● **Data below**
• • •

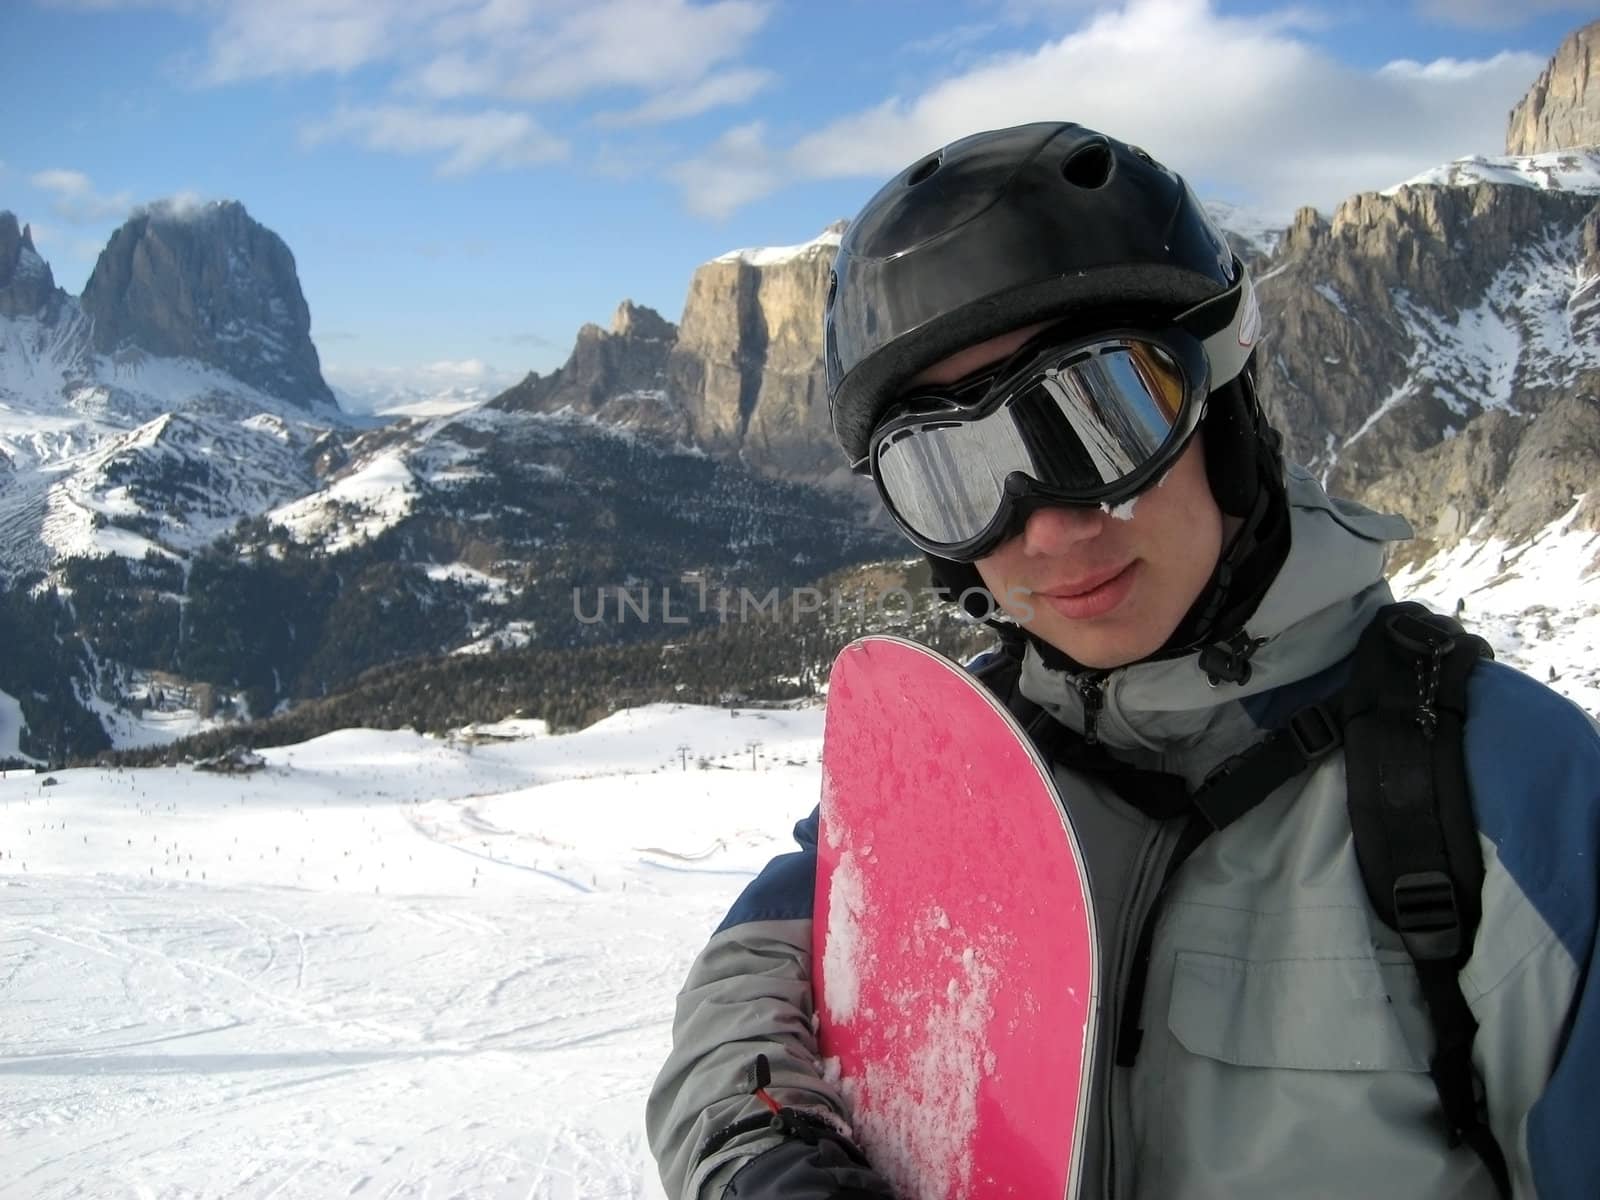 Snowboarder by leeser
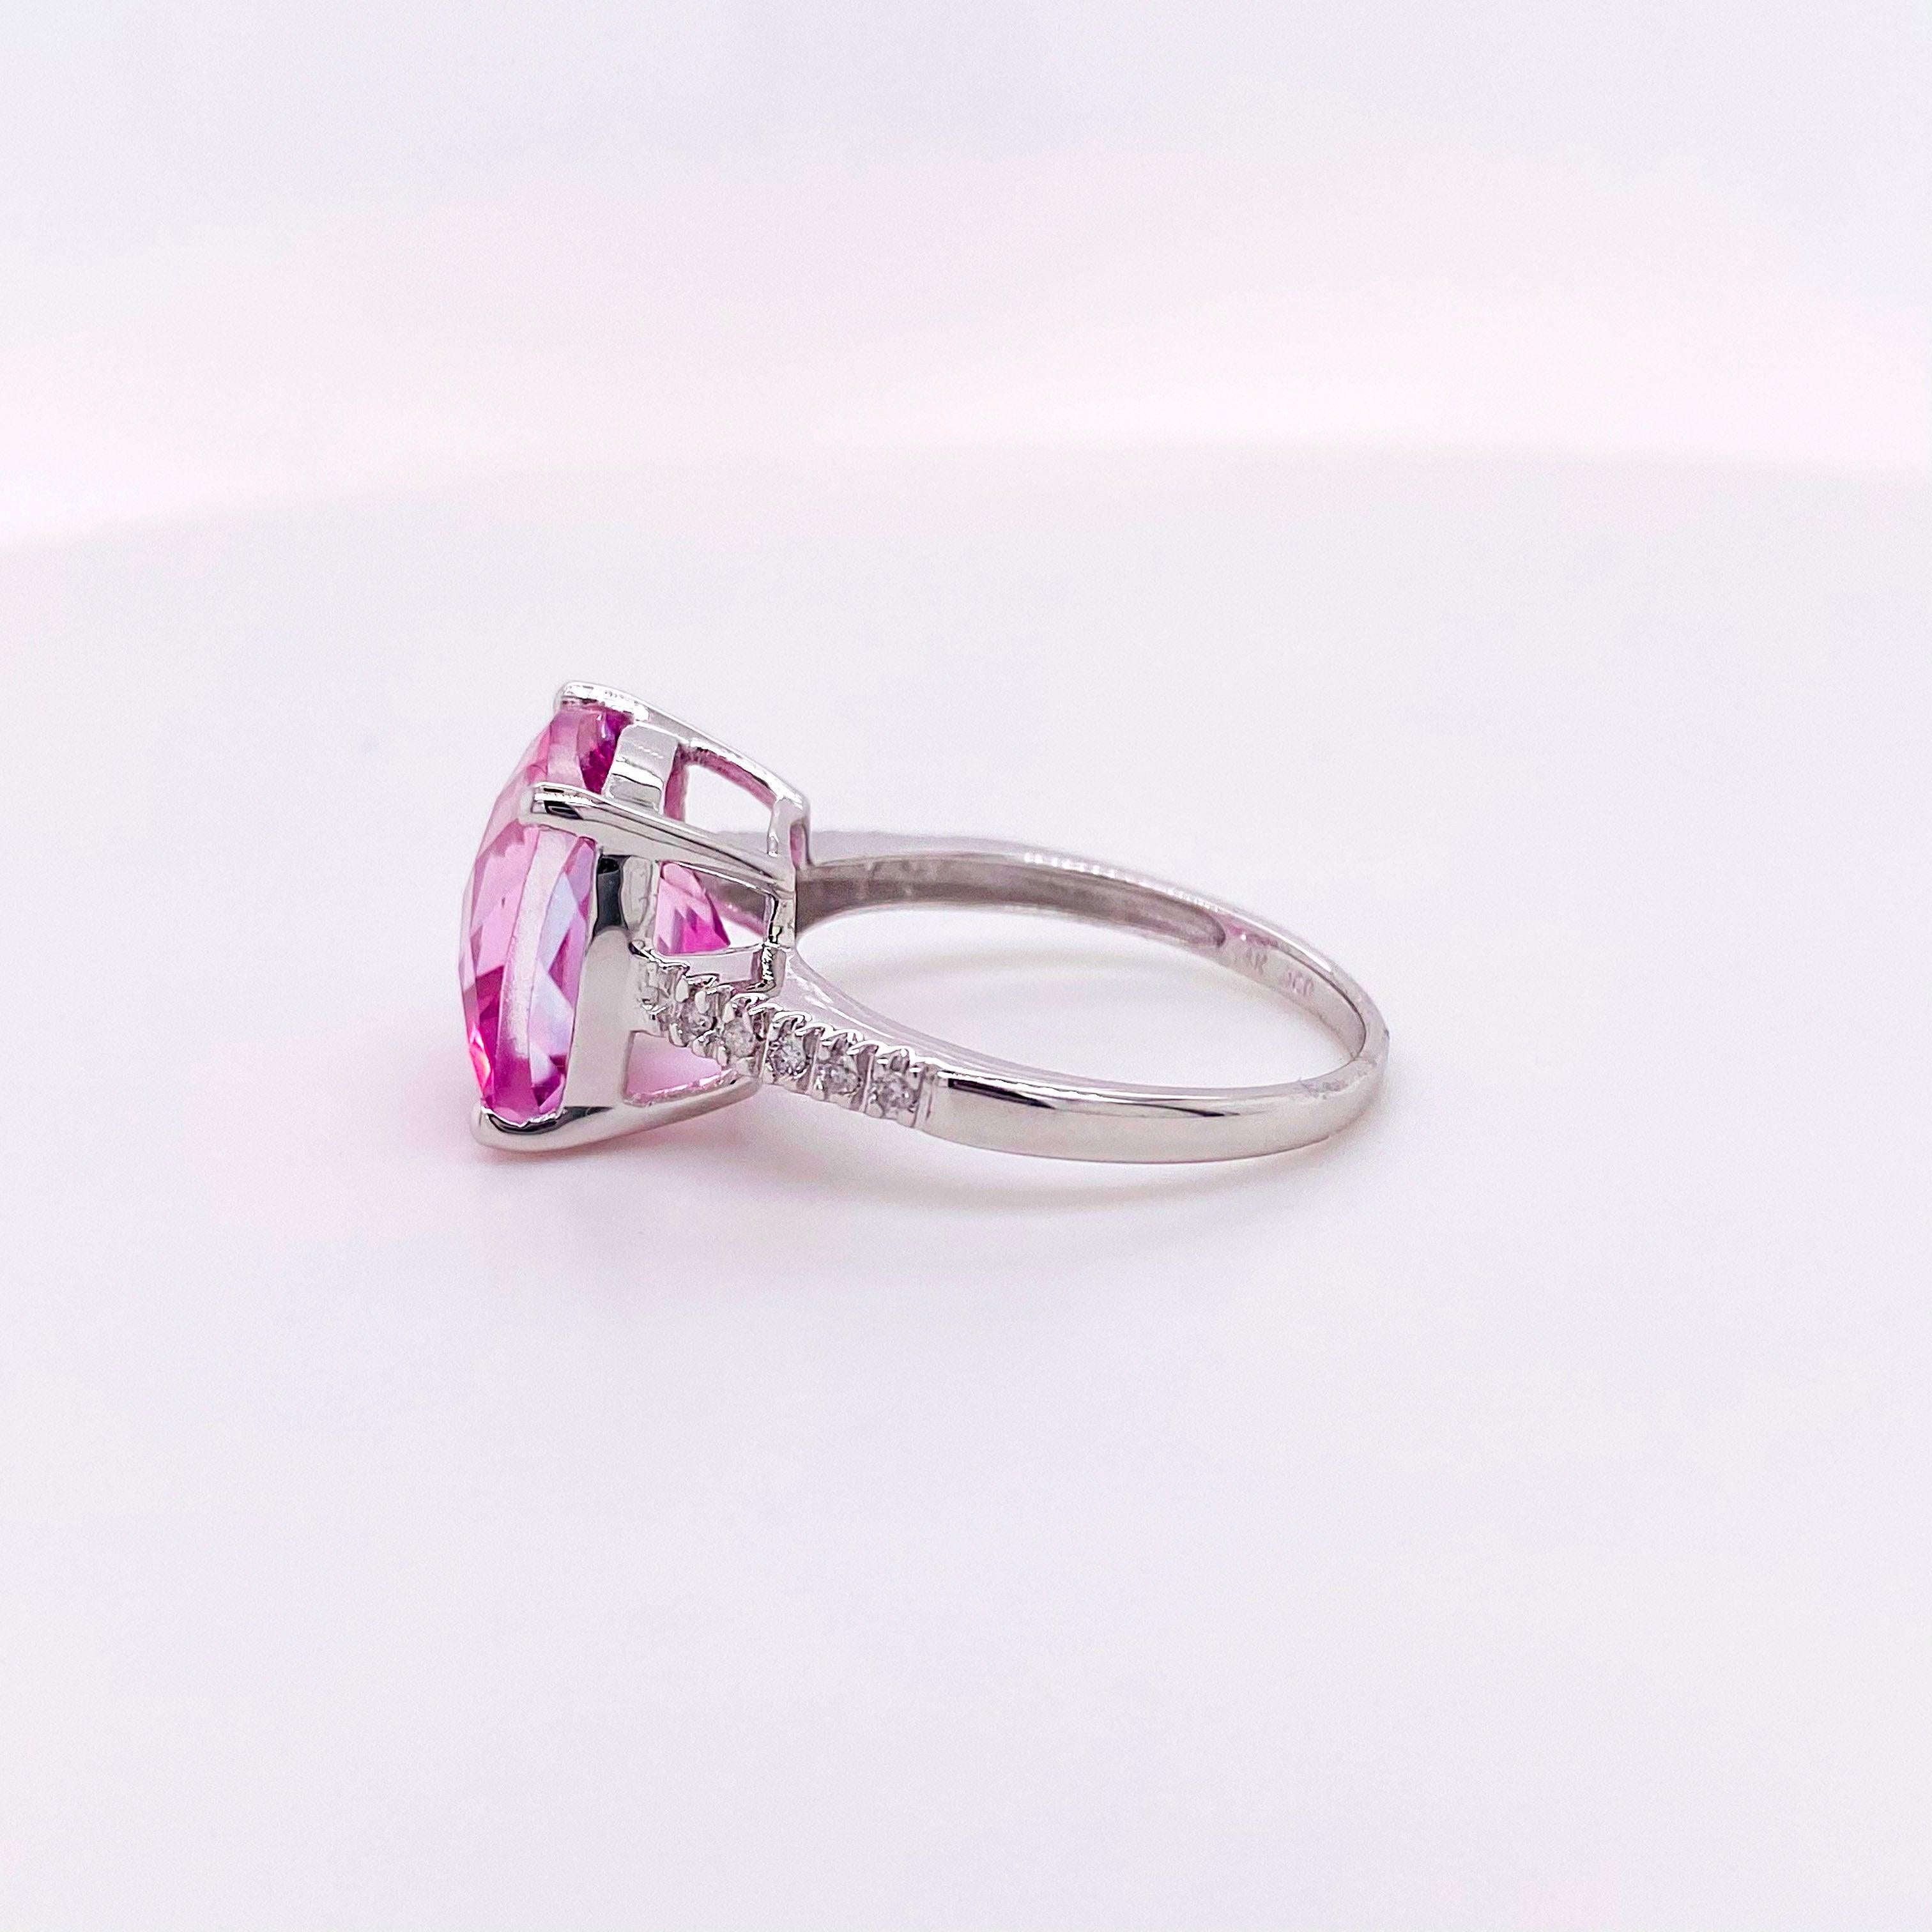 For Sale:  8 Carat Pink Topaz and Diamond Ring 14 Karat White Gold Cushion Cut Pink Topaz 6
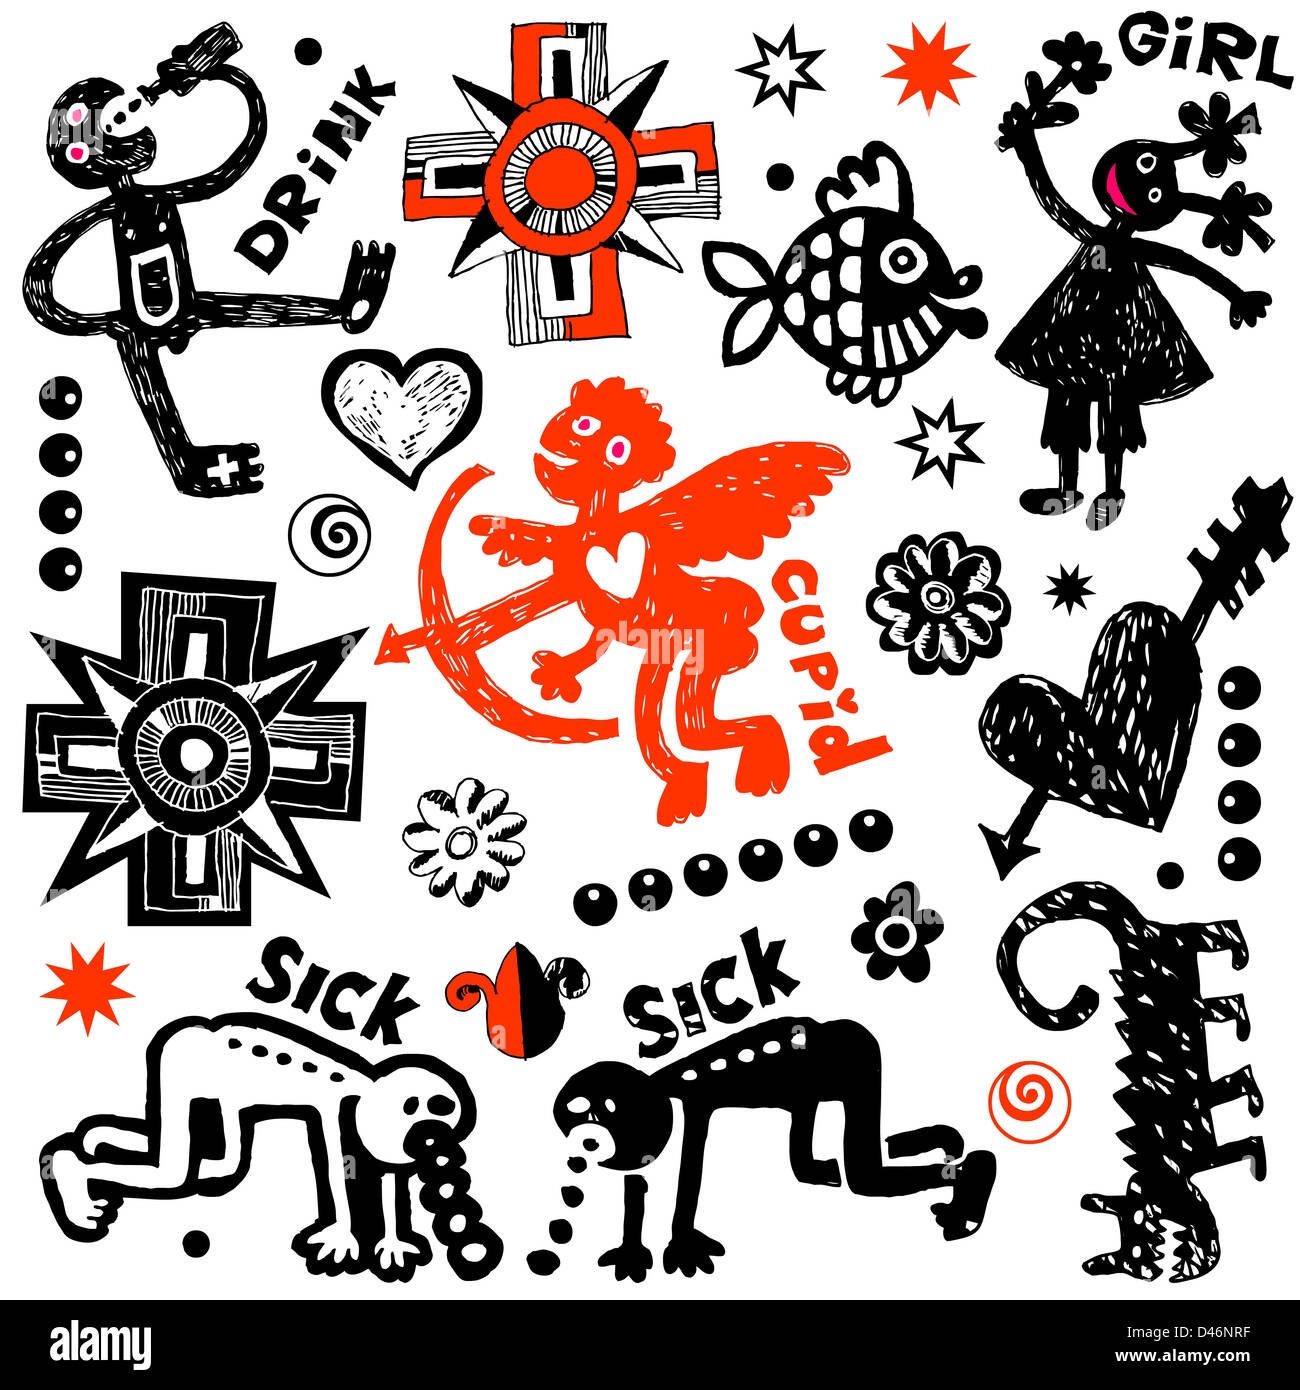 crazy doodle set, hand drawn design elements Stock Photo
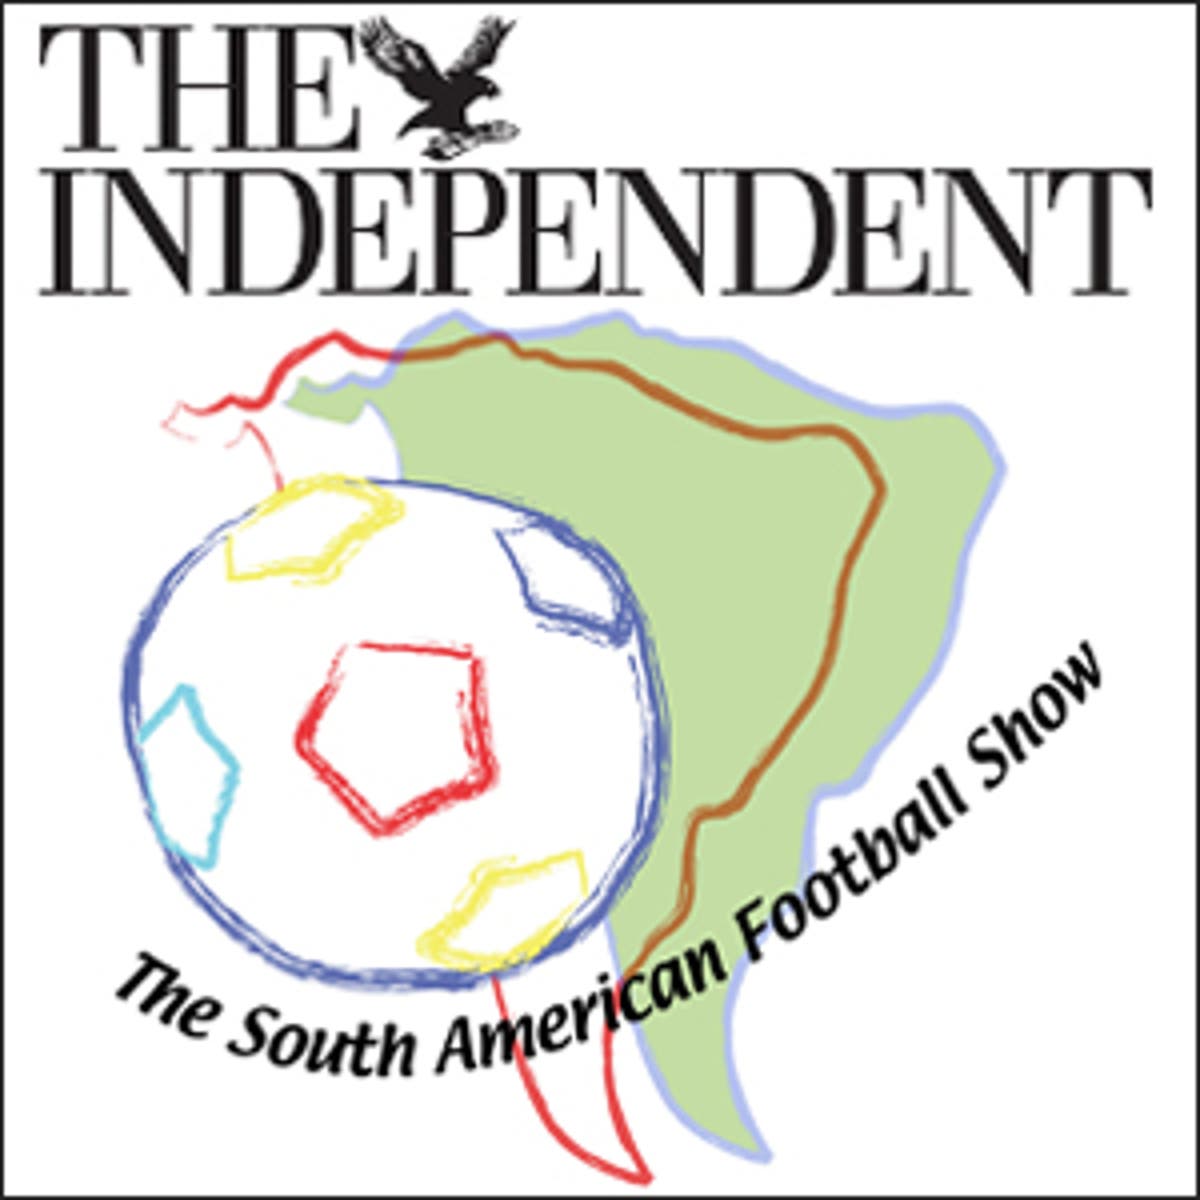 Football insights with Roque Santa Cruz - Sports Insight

• • •

Once you find the line with "crazy doodle set, hand", restate it and every later line of the data word for word, excluding the pictures.

 crazy doodle set, hand drawn design elements Stock Photo
 Football insights with Roque Santa Cruz - Sports Insight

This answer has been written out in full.